Standard & Poor's -
Over the last half decade, Russian GDP has tripled, making it the 10th largest economy in the world and in line to overtake Brazil to become the ninth largest by 2010. The principal stimulant of growth has been the rapid five-year rise in commodity prices, in particular those for gas and oil, which together make up 60% of Russian exports. Indeed, since 2003 average export prices have increased 92% (in rouble terms); such flattering gains in the terms of trade have kept the current account in surplus, despite robust demand-driven growth of imports. Contrary to many forecasts, during the first four months of 2008, export growth accelerated to 52% in nominal terms, pushing the trade surplus up $25bn above what it was during the same period of 2007.

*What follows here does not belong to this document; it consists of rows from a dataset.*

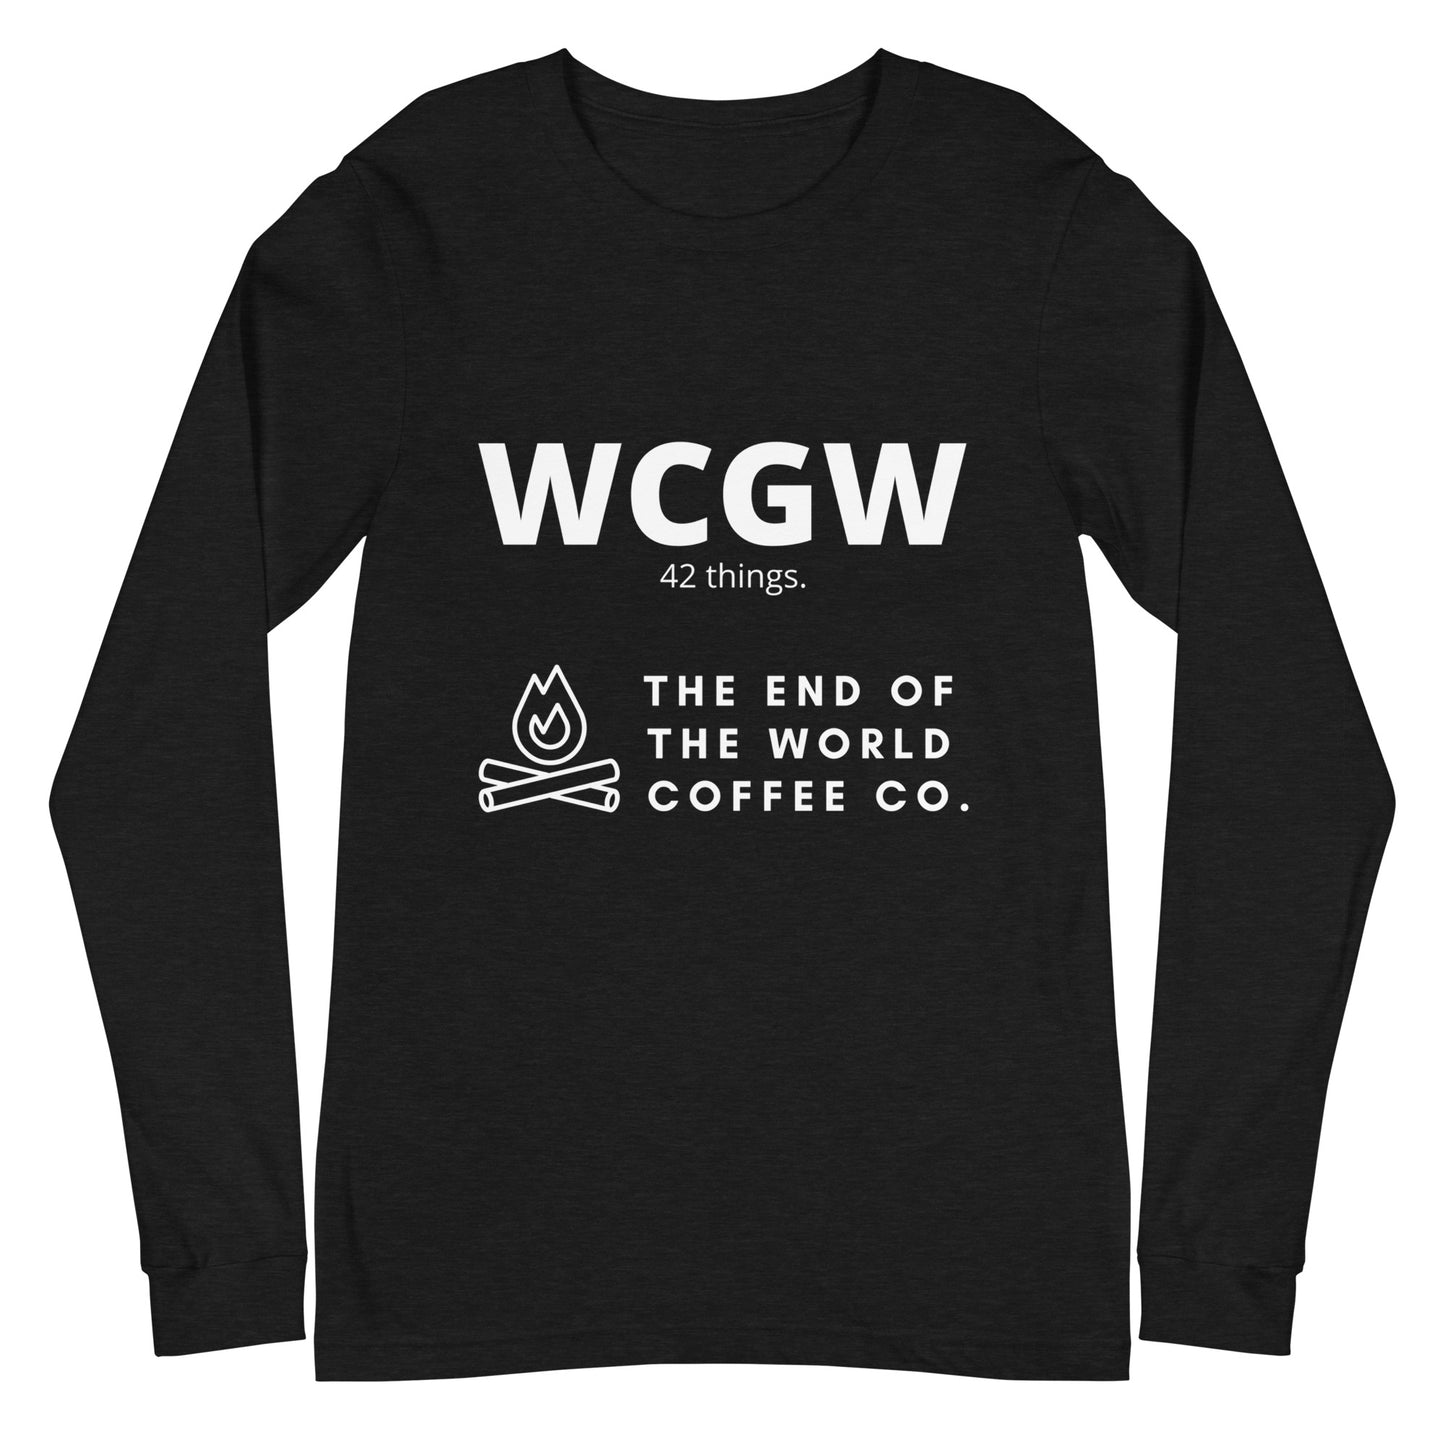 What Could Go Wrong long sleeve shirt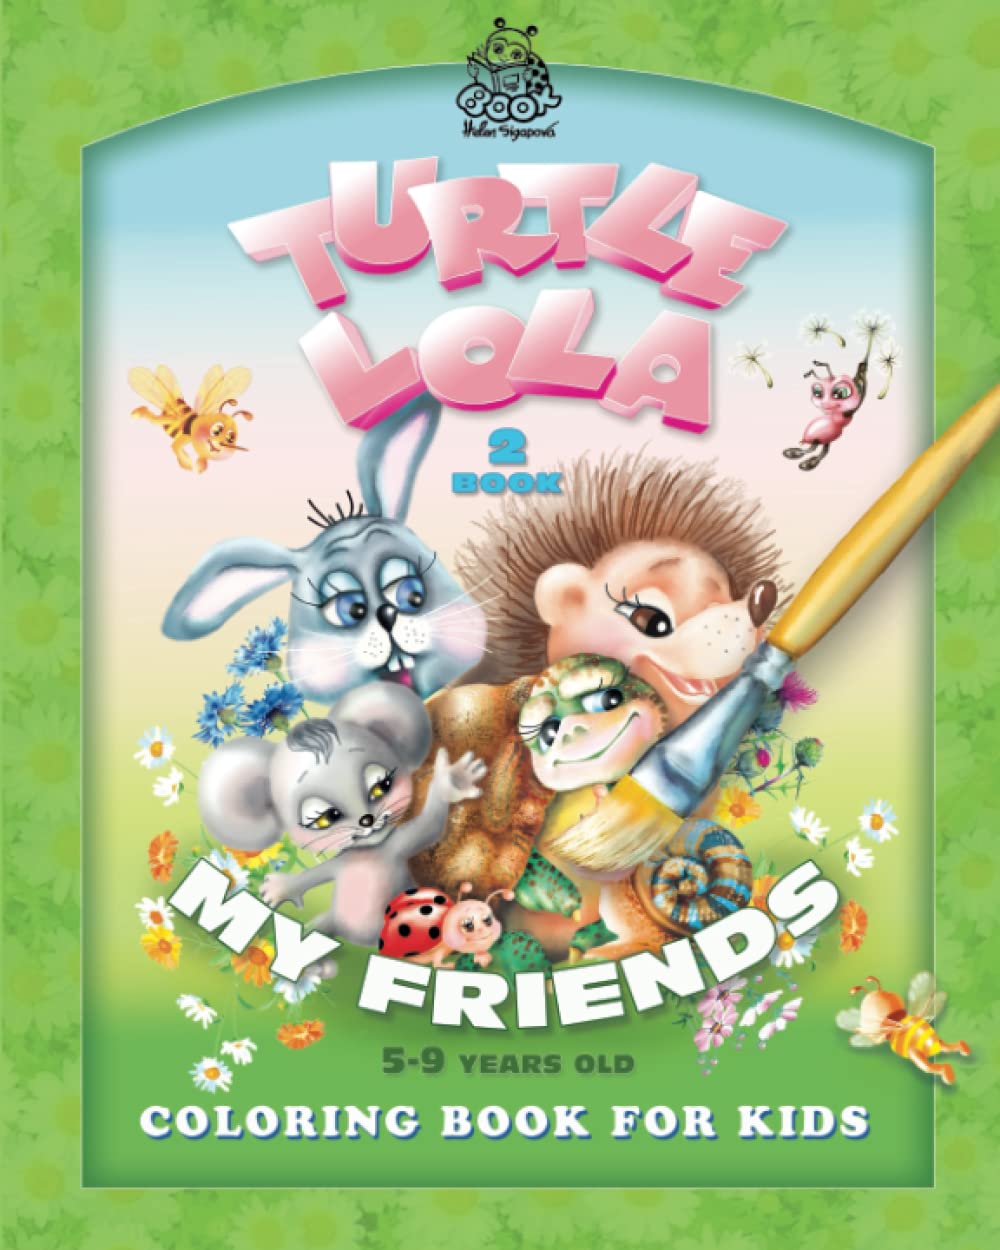 TURTLE LOLA: MY FRIENDS. COLORING BOOK FOR CHILDREN 5-9 YEARS (TURTLE LOLA STORIES)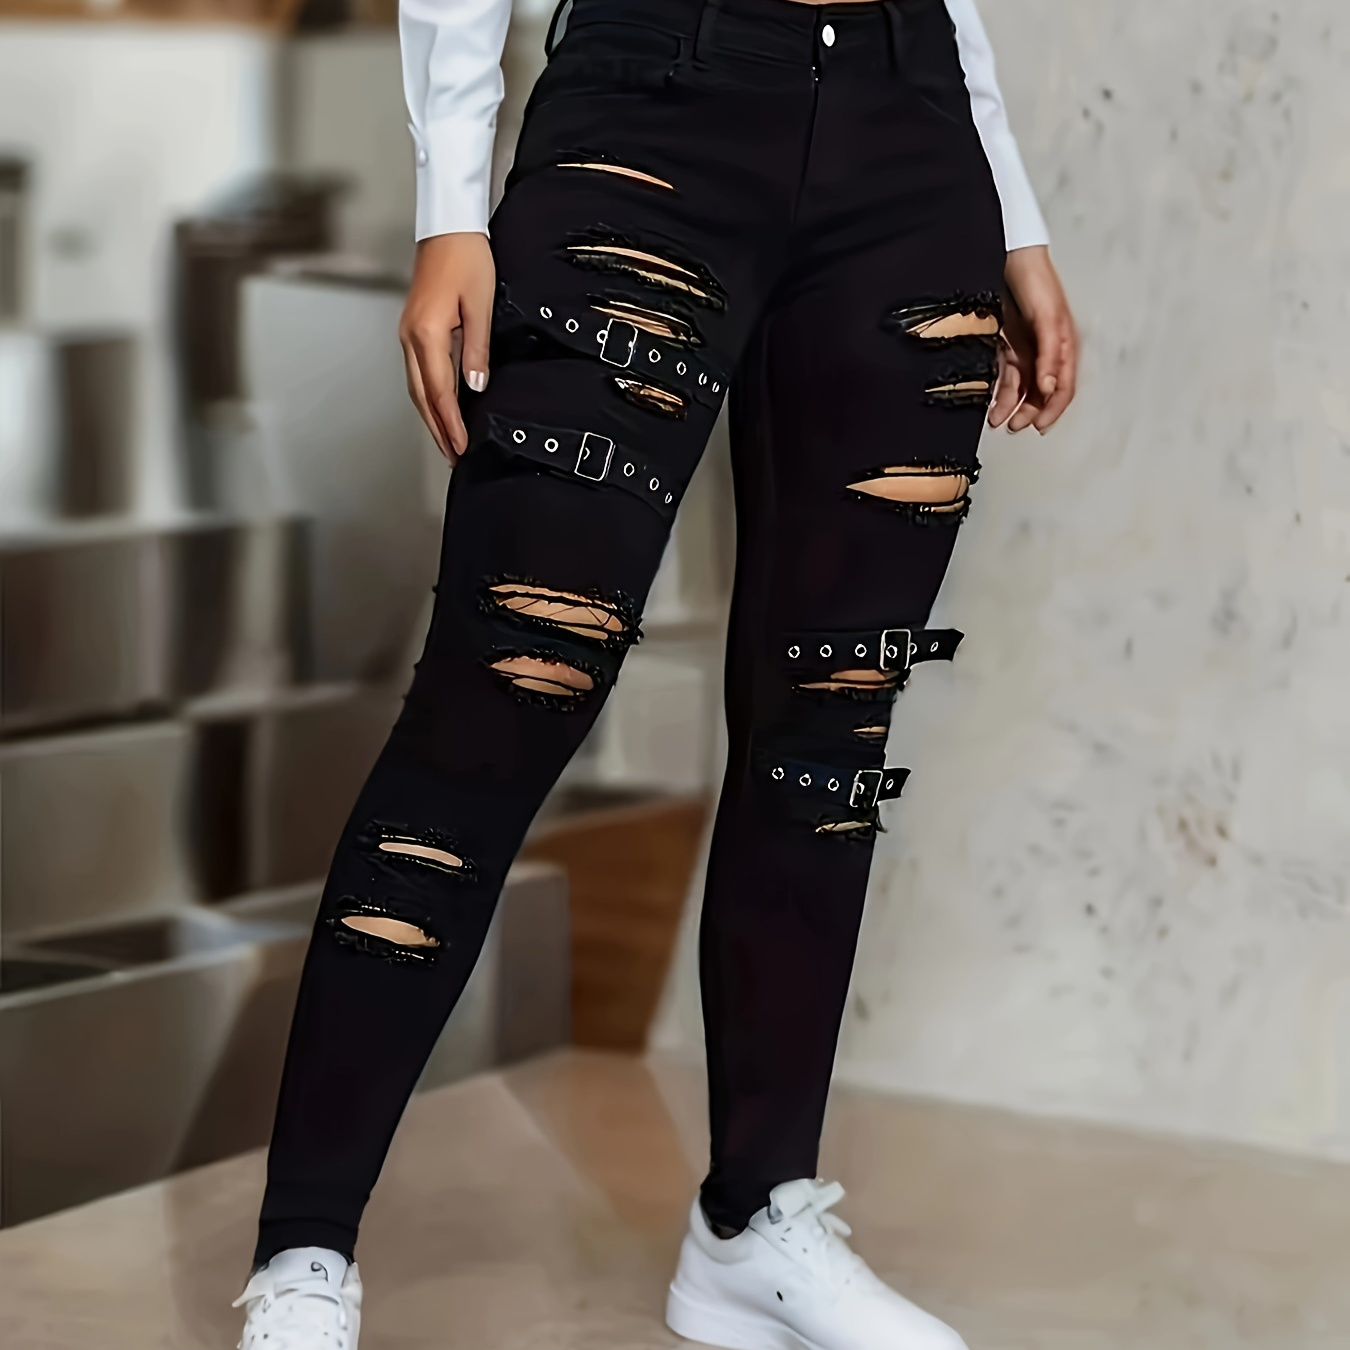 

Women's Casual Ripped Black Color Denim Skinny Jeans With Garter Buckle Detail, Stretchy Fit, All-match Streetwear Long Pants

Rapid increases in commodity prices represent an enormous net transfer of wealth away from importing countries toward exporters such as Russia. The size of the windfall usually masks and frequently even reinforces persistent macroeconomic inadequacies lurking below the surface. Only in exceptional cases, such as Norway, do governments manage to fully ring-fence export windfalls to prevent them from accelerating growth of the money supply, and creating temptations for electorally conscious budgetary committees. While Russia's revised budget code in principal segregates oil revenues straight into the Reserve Fund and the Fund of National Prosperity, in practice there are various ways to push expenditure higher. Higher expenditure is not by itself a negative development. What matters is whether public funds are spent on worthwhile productivity-enhancing capital expenditure, or whether instead they are diverted to wasteful and inflationary current expenditures, which has been the case in more than a few Eastern European peers.
Recent signs are not overly encouraging. During 2007, nominal expenditure growth accelerated to 35% versus 18% in 2004. Much of this went on increased pension and public sector wage payments. Indeed, since the start of President Vladimir Putin's first term, public sector headcount has increased by over half without an equivalent increase in government output. Despite higher numbers of public workers, public services remain very poor, a problem that the presidential administration acknowledges. Authorities are also trying to kick-start a three-year infrastructure plan, which may partially be funded by drawing down on the Fund of National Prosperity. While very sizeable commitments to investment spending are likely to be made, authorities have not fully explained how they will supervise the quality of procurement and project management for what are in some cases enormous construction projects. The risk is that public funds will be wasted.
Where credit is due
Of course, it is not only oil that's created so much wealth so quickly. Starting in the second half of 2005, Russia's financial sector began funding itself externally with renewed vigour as authorities liberalized the capital account. Since then, credit growth has surged to an average annual rate of 45%, further contributing to the growth of domestic demand, which has exceeded headline GDP growth for the last three years.
The increased willingness of the Central Bank of Russia to permit the rouble to appreciate has allowed monetary authorities to limit the impact on the money supply, despite the complications from the need to provide liquidity to the commercial banking system. Nevertheless, oil and gas related windfalls have been pushing up money growth for much of 2007 and early 2008 - as recently as the end of January 2008 M0 was expanding at near 55% (before falling back in the following few months). Structural forces, most patently underinvestment in the non-energy sectors, also explain stubbornly high inflation, which touched a six-year high of 15.1% year-on-year in May. In the past, public debate on macroeconomics in Russia began and ended with the budget. However politicians are now openly referring to the 'inflation tax,' the 'wage-price spiral', and 'overheating' as among Russia's most pressing problems. The first response is likely to be monetary, as permitting the rouble to trade more freely will help to calm imported inflation and slow down growth of monetary aggregates. The fiscal question is, as always, more politically sensitive.
While Russian prosperity has returned, it is only partially attributable to improvements in total factor productivity. Accumulating evidence of overheating and the very patchy record on oversight raise concerns about what Russia will do with its enormous windfalls.
Standard & Poor's Ratings Services sovereign rating for Russia should be interpreted narrowly as a measurement of the probability of default on obligations of the Russian Federation (foreign currency BBB+/Positive/A-2; local currency A-/Positive/A-2). The positive outlook on the rating ought not to be read as a clean bill of health for an economy that continues to be weighed down by corruption, uncertain property rights, and heavy bureaucracy. Russia's potential has always been huge. So far, its delivery has failed to live up to that potential. Most recently the newly elected President Dmitry Medvedev has promised liberalization in various sectors and a greater willingness to encourage foreign investment. For Russia's sake, let's hope that he means it.